> What the task requires:
Restate each of the lines below word for word and drop every picture.

> Supplied data:
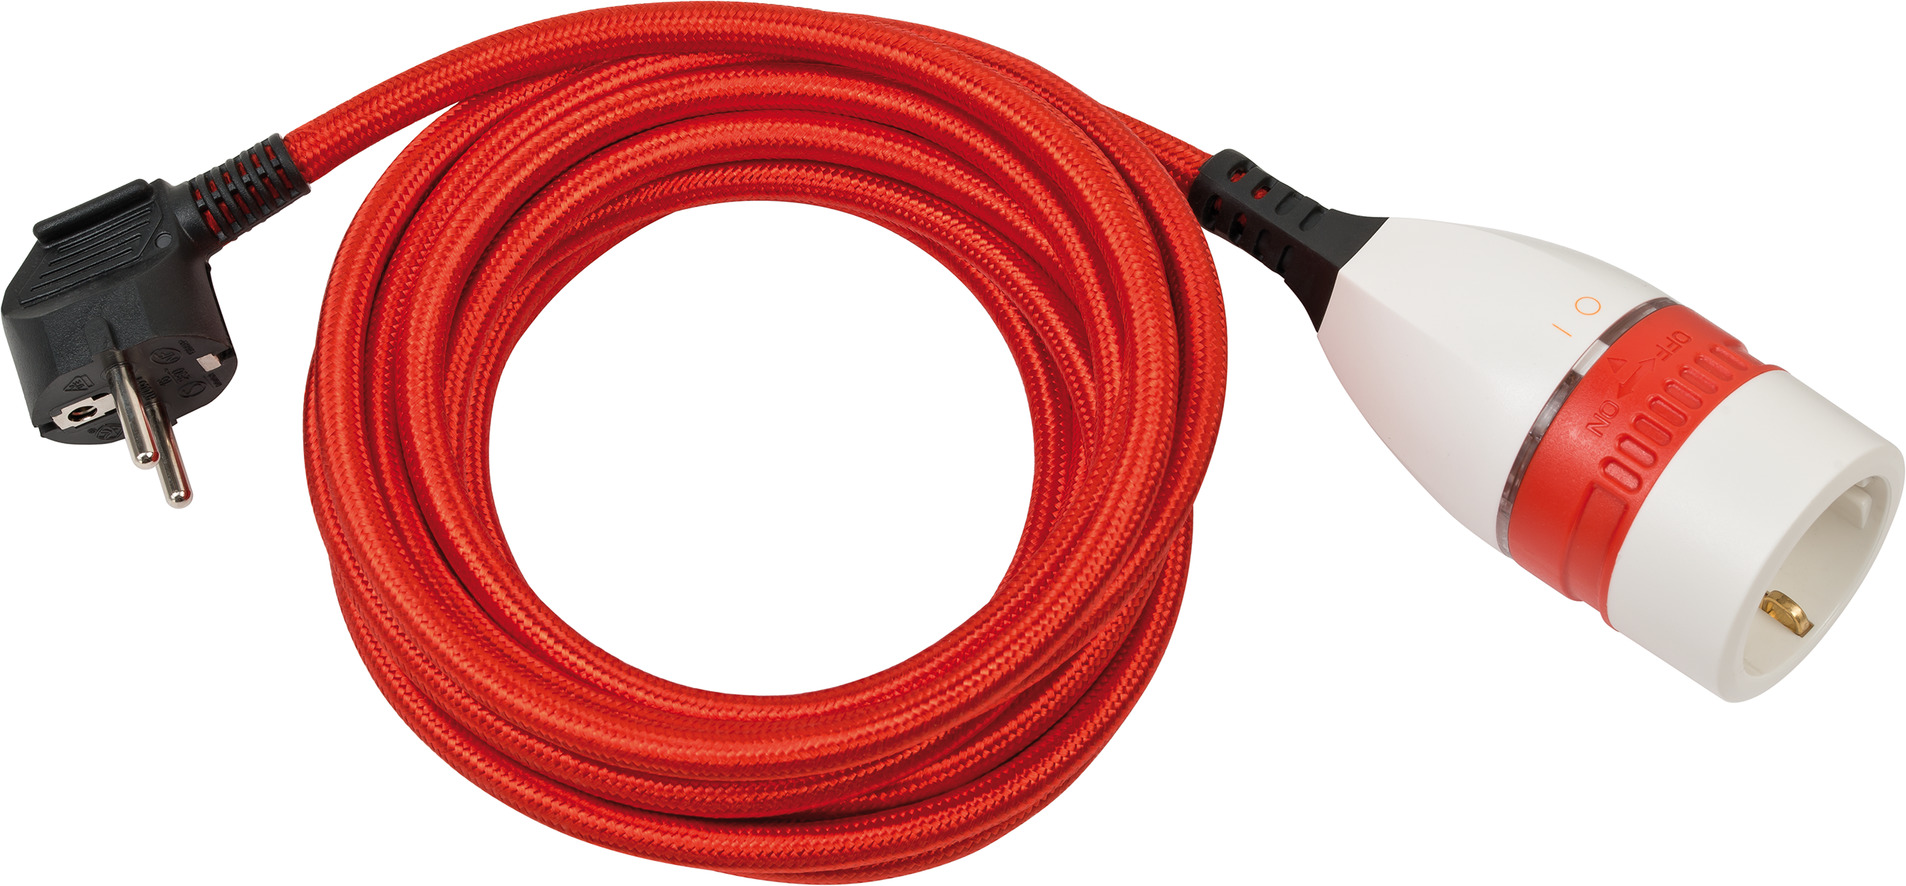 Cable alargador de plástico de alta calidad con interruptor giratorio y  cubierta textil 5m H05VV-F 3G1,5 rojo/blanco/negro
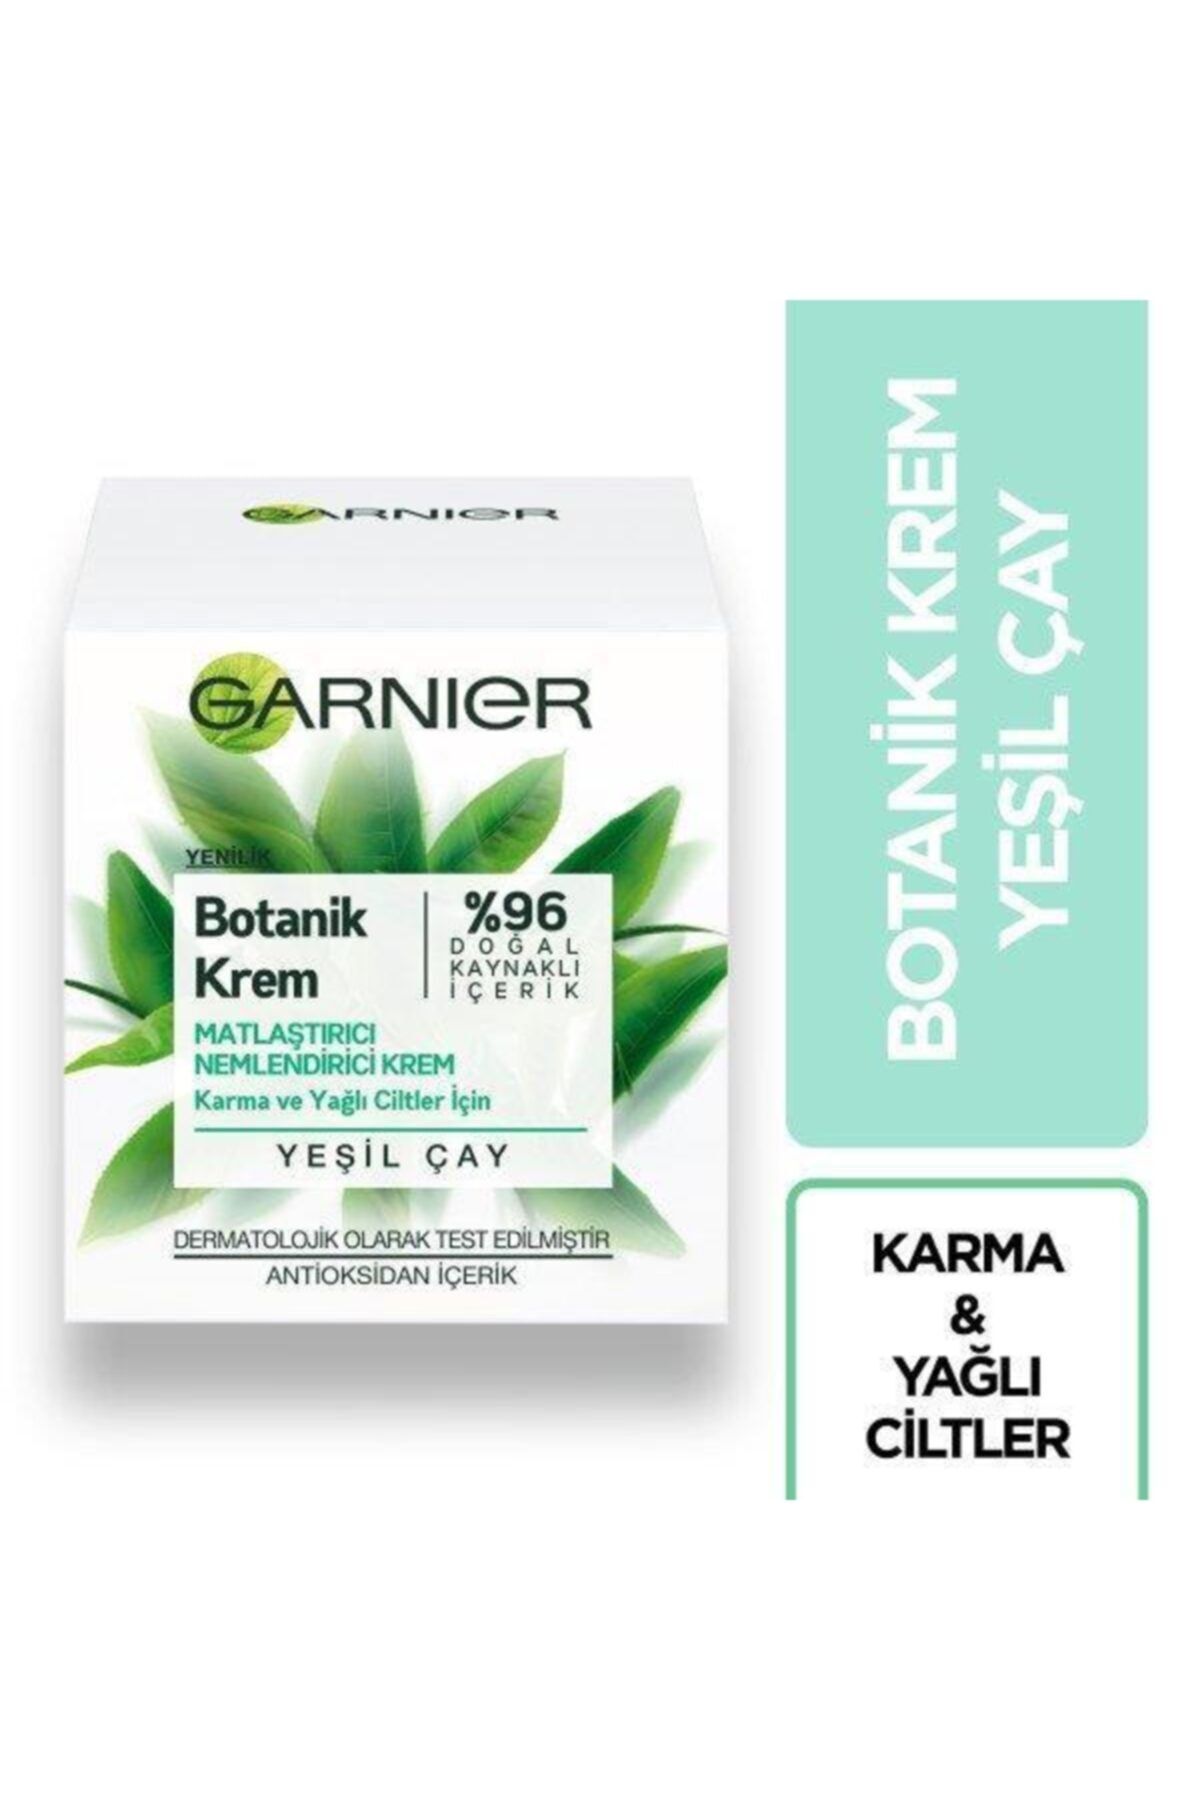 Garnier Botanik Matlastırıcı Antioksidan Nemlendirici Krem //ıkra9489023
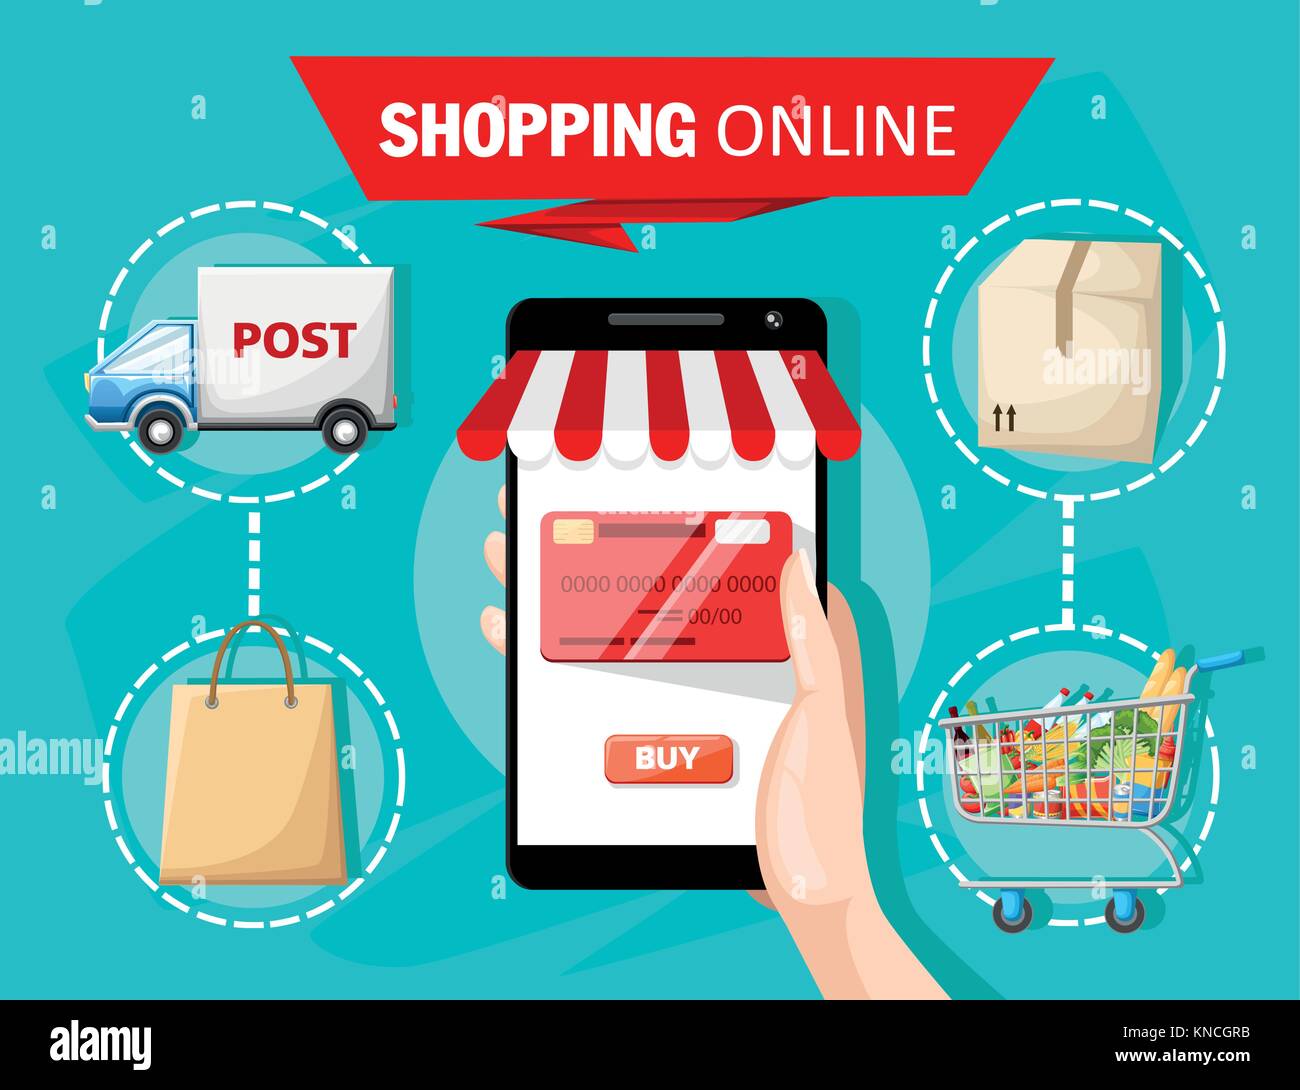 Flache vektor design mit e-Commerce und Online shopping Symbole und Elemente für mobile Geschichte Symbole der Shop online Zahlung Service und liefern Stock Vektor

> Written response:
 Cable alargador de plástico de alta calidad con interruptor giratorio y  cubierta textil 5m H05VV-F 3G1,5 rojo/blanco/negro
 Garnier Botanik Matlastırıcı Antioksidan Nemlendirici Krem //ıkra9489023
 Flache vektor design mit e-Commerce und Online shopping Symbole und Elemente für mobile Geschichte Symbole der Shop online Zahlung Service und liefern Stock Vektor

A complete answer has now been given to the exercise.